Why?
Precision, recall, and F1 score is always something I have a problem understanding, so I have decided to write this to help myself remember every time I forget. Let us first define some evaluation metrics, and then, we will go into precision, recall, and finally the F1 score
Evaluation Metrics Definitions
False Positive / False Alarm / Type I Error
This is when something is marked as positive, but in reality, it isn’t positive.
E.g. A patient who is diagnosed to have cancer, but in reality, does not have cancer is a false positive.
False Negative / Miss / Type II Error
This is when something is marked as negative, but actually it was positive.
E.g. A patient goes to a physician, but is sent home because the physician said he was fine. If, in reality (s)he had a disease, (s)he is a false negative.
Sensitivity / Recall / Hit Rate / True Positive Rate
\[TPR = \frac{TP}{P} = \frac{TP}{TP + FN} = \text{How many positive cases are actually positive?}\]This says how often did an agent classify something as positive when that sample was in fact positive. In other words, the proportion of positives that are correctly identified.
E.g. Percentage of sick people to be correctly identified as being sick.
Specificity / Selectivity / True Negative Rate
\[TNR=\frac{TN}{N} = \frac{TN}{TN+FP} = \text{How many negative cases are actually negative?}\]This says how often did an agent classify something as negative when that sample was in fact negative. In other words, it measures the proportion of negatives that are correctly identified.
E.g. The percentage of healthy people who are actually identified as being healthy.
Precision / Positive Predictive Value
\[PPV=\frac{TP}{TP+FP}\]This tries to answer what proportion of positive identifications were actually correct. An agent that produces no false positives has a precision of 1.
Precision and Recall
Let us remember the definitions of precision and recall:
\[\text{precision} = \frac{TP}{TP+\color{yellowgreen}{FP}} \quad \quad \quad \text{recall}=\frac{TP}{TP+\color{cyan}{FN}}\]Ideally, you want to have both precision and recall to be equal to 1. As one can see, when you choose to focus more on precision, it means that you choose to minimize the false positives. When you choose to focus on recall, you want to lower the number of false negatives. Now, why would we want to have precision and recall? Isn’t accuracy enough?
Example: Why do we need precision/recall?
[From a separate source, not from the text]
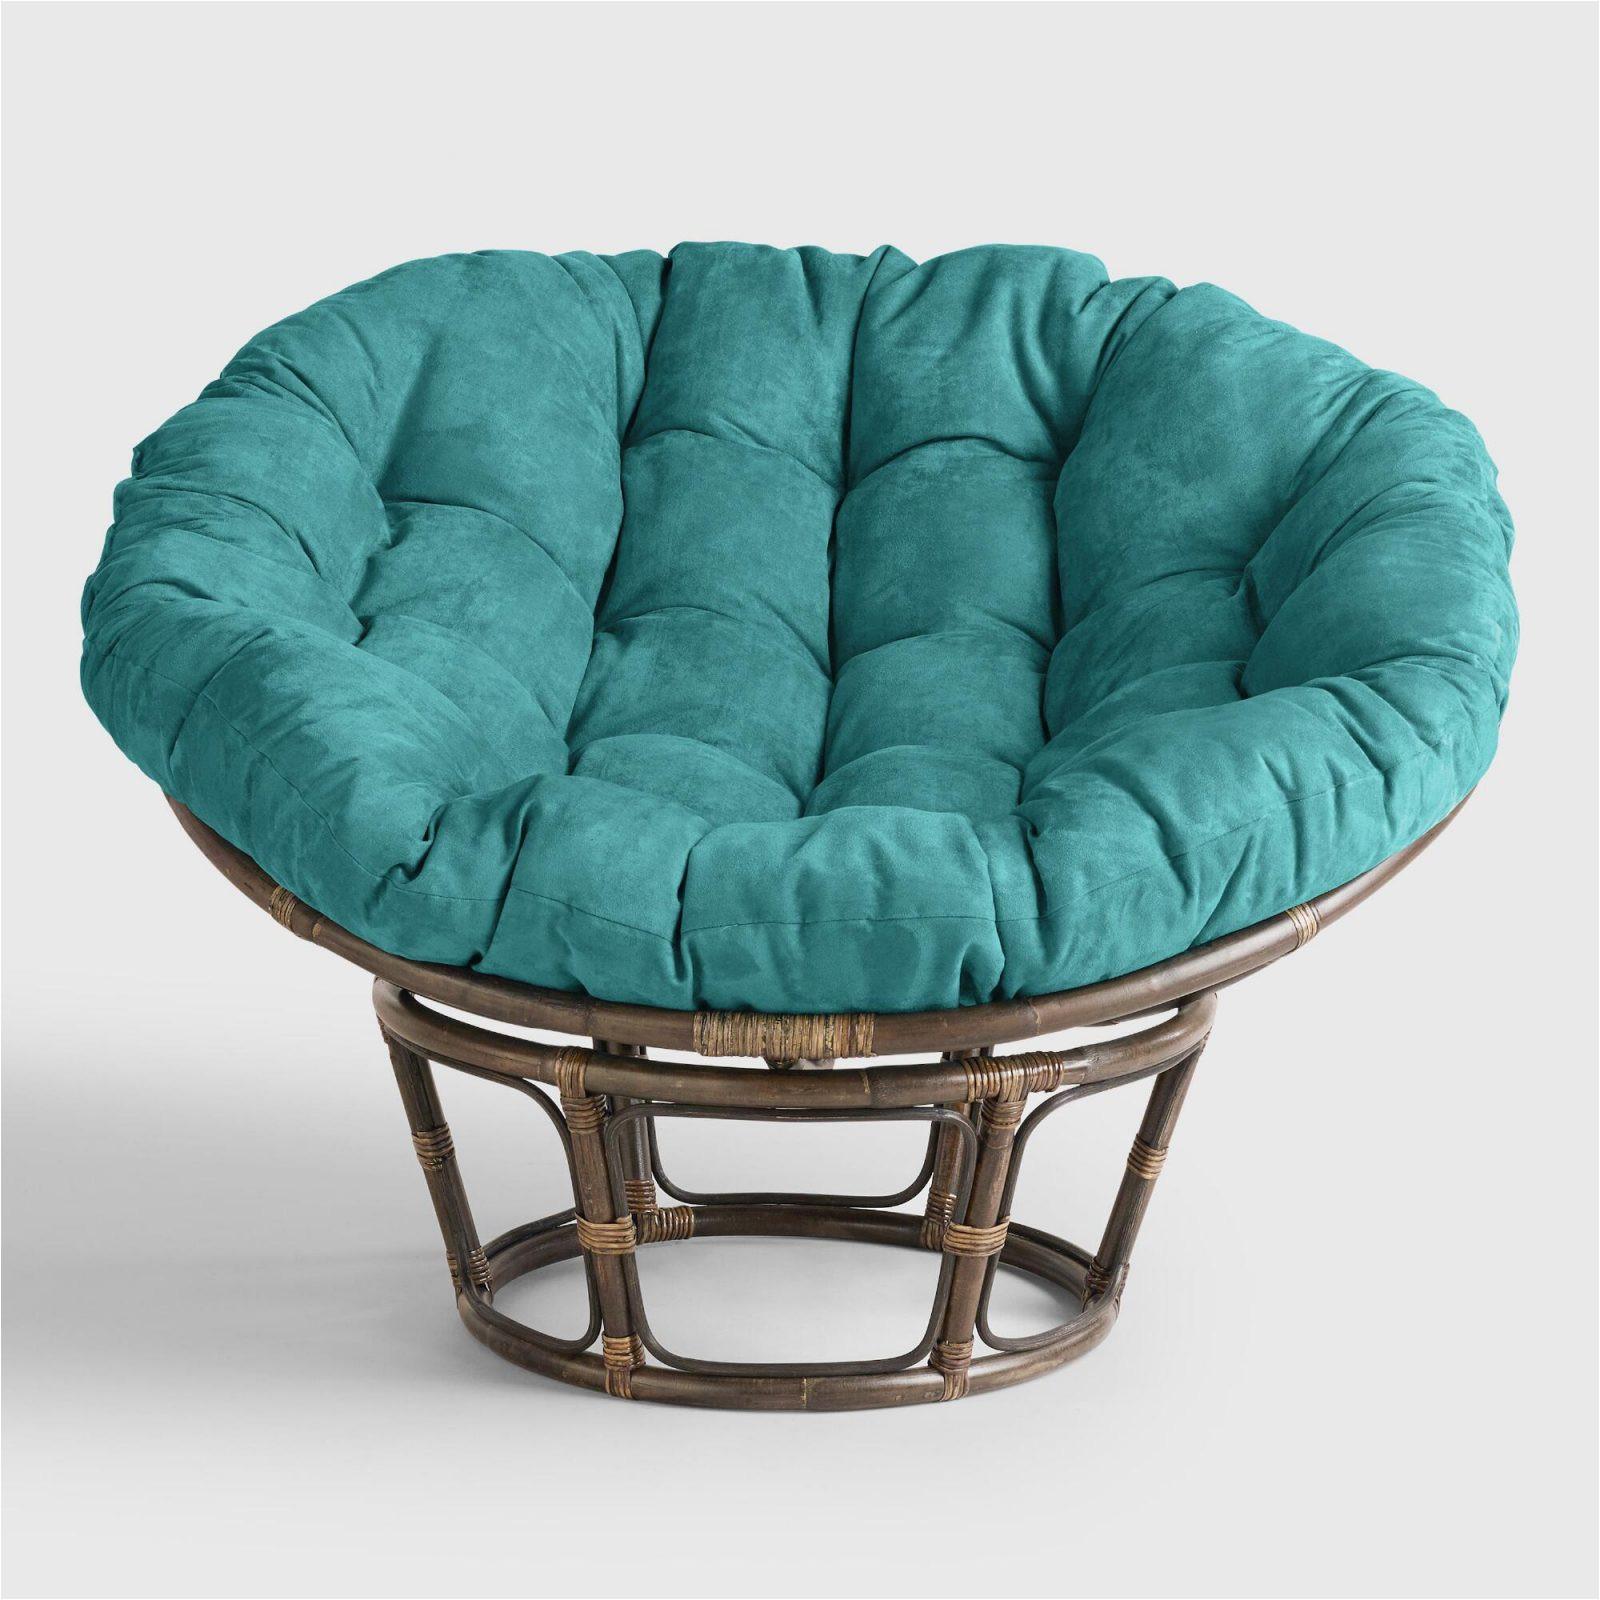 porcelain micro suede papasan chair cushion world market amazon 20800 x ikea pier one cover 1600

Let us consider another scenario, where we have 9990 healthy patients and 10 progeria patients. Progeria is an extremely rare disorder where kids have a mutation at the gene which encodes the protein lamin A, which promotes genetic stability. This is one of those extremely rare diseases, which has an occurence of 1 every 20 million people. Let’s say we have a model, regardless of the patient, the model diagnoses as a negative
def model(patient):
return False
This means that this model will have have a 99.9% accuracy. However, we know very well that this model just misdiagnosed every single cancer patient! :O What happens if we compute precision and recall?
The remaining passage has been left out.